Яркая вспышка, подарок судьбы.
Не сберег случайного счастья. Разменял на медяки, опошлил и опаскудил. Выронил Цветок из рук.
Потерял безвозвратно, навсегда — Ли Мэй по-прежнему мне не снилась…
Все, что я мог сделать — попытаться сохранить ее образ. Хотя бы на бумаге остановить с помощью букв исчезающее прошлое.
Если бы я не пил...
Болезнь тянула в мертвую пустоту, рыла внутри меня ледяную яму, выбрасывая, как ненужный грунт, остатки души. Подкапывалась под меня разумно и целенаправленно.
Я дичал, грубел и тупел.
Еще немного — и уйдет даже память.
У меня ведь нет ни одной фотографии Ли Мэй.
И тогда я решил написать о ней.
И понял, что не могу.
Сидя на холодной веранде, слушал шум дождя и звонкое «тонь-тонь-тонь!» капель — в расставленных по дому ведрах и тазах: дом умирал, плакал прохудившейся крышей. В тот день напился неожиданно для себя самого. Собрав в кучу черновики, пытался поджечь дом, но бумага горела неохотно и слабо. Кашляя от дыма и протирая глаза, выбежал во двор с топором — срубить липу.

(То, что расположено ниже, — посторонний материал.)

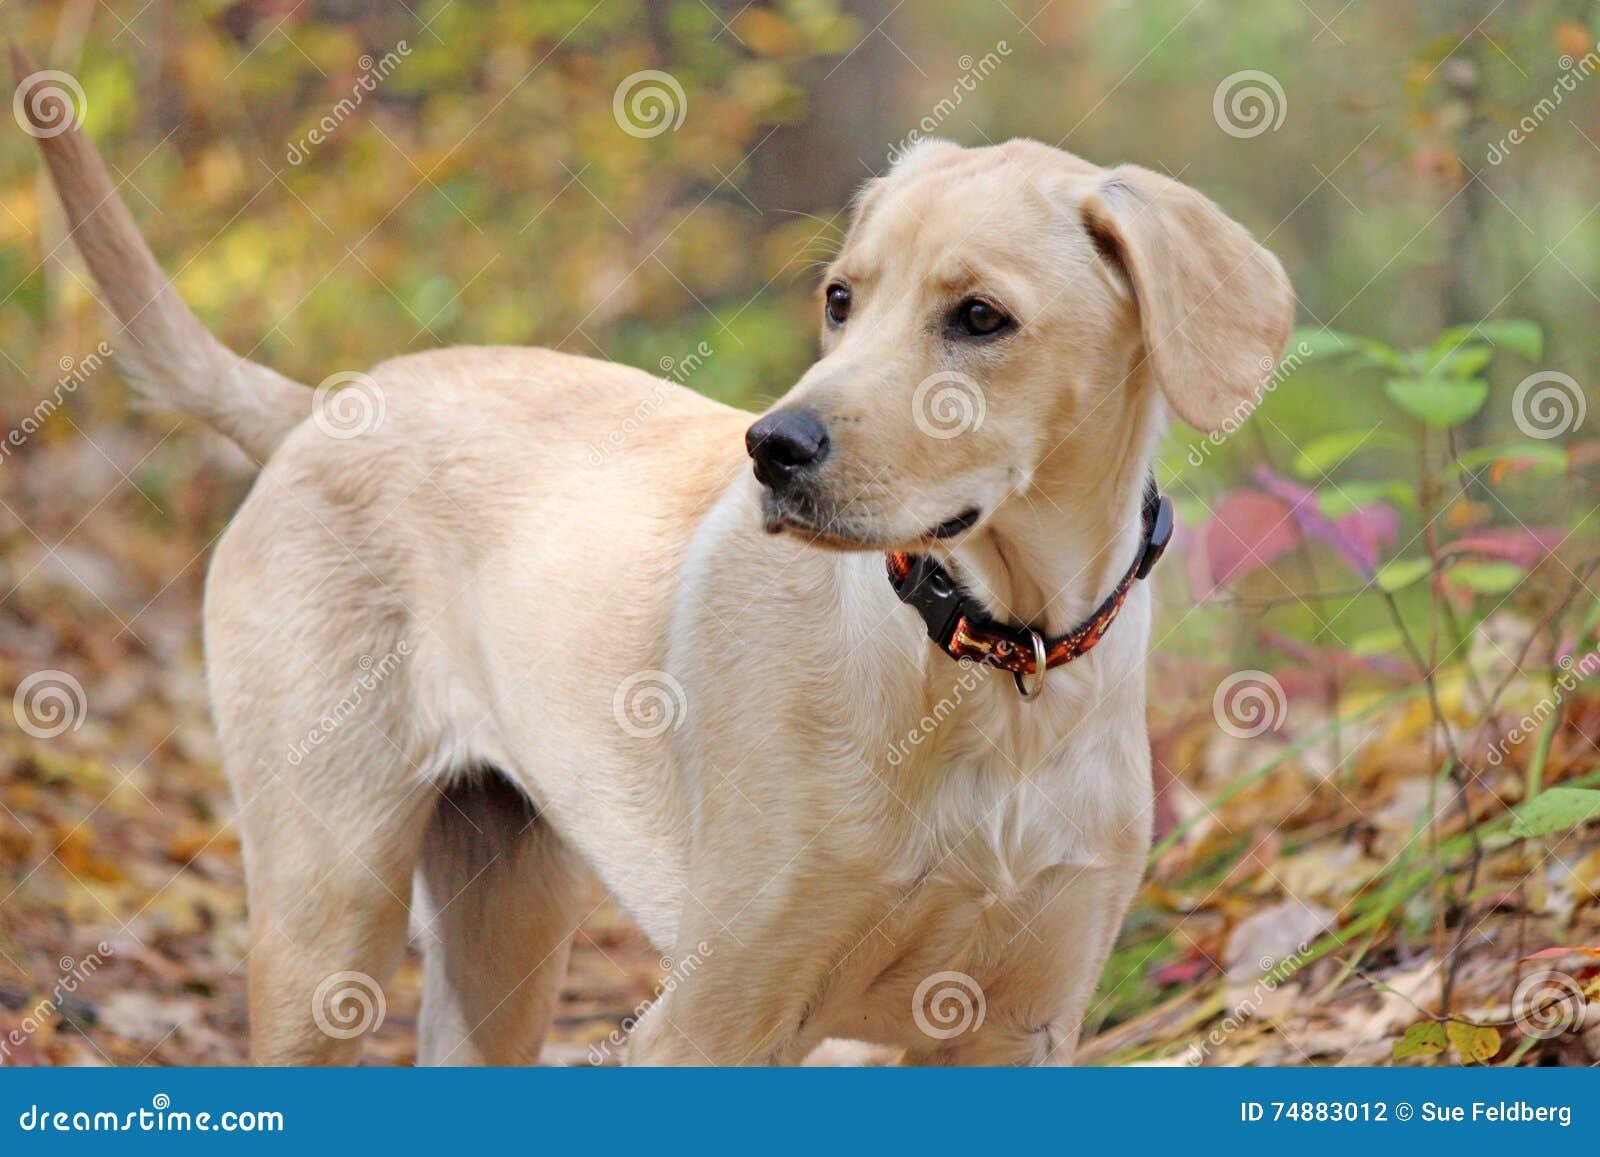 rare dog names - HD1280×853

Лезвие кромсало кору, выбивало из дерева, под которым стояли когда-то мои качели и песочница из тракторной шины, мелкую щепу.
«Рукописи не горят!» Тюк! — удар по дереву.
«Зато человек — очень даже!»
Тюк! Тюк!
«Каждый человек ...»
Тюк! Тюк!
«Должен срубить...»
Тюк!
«Дерево!»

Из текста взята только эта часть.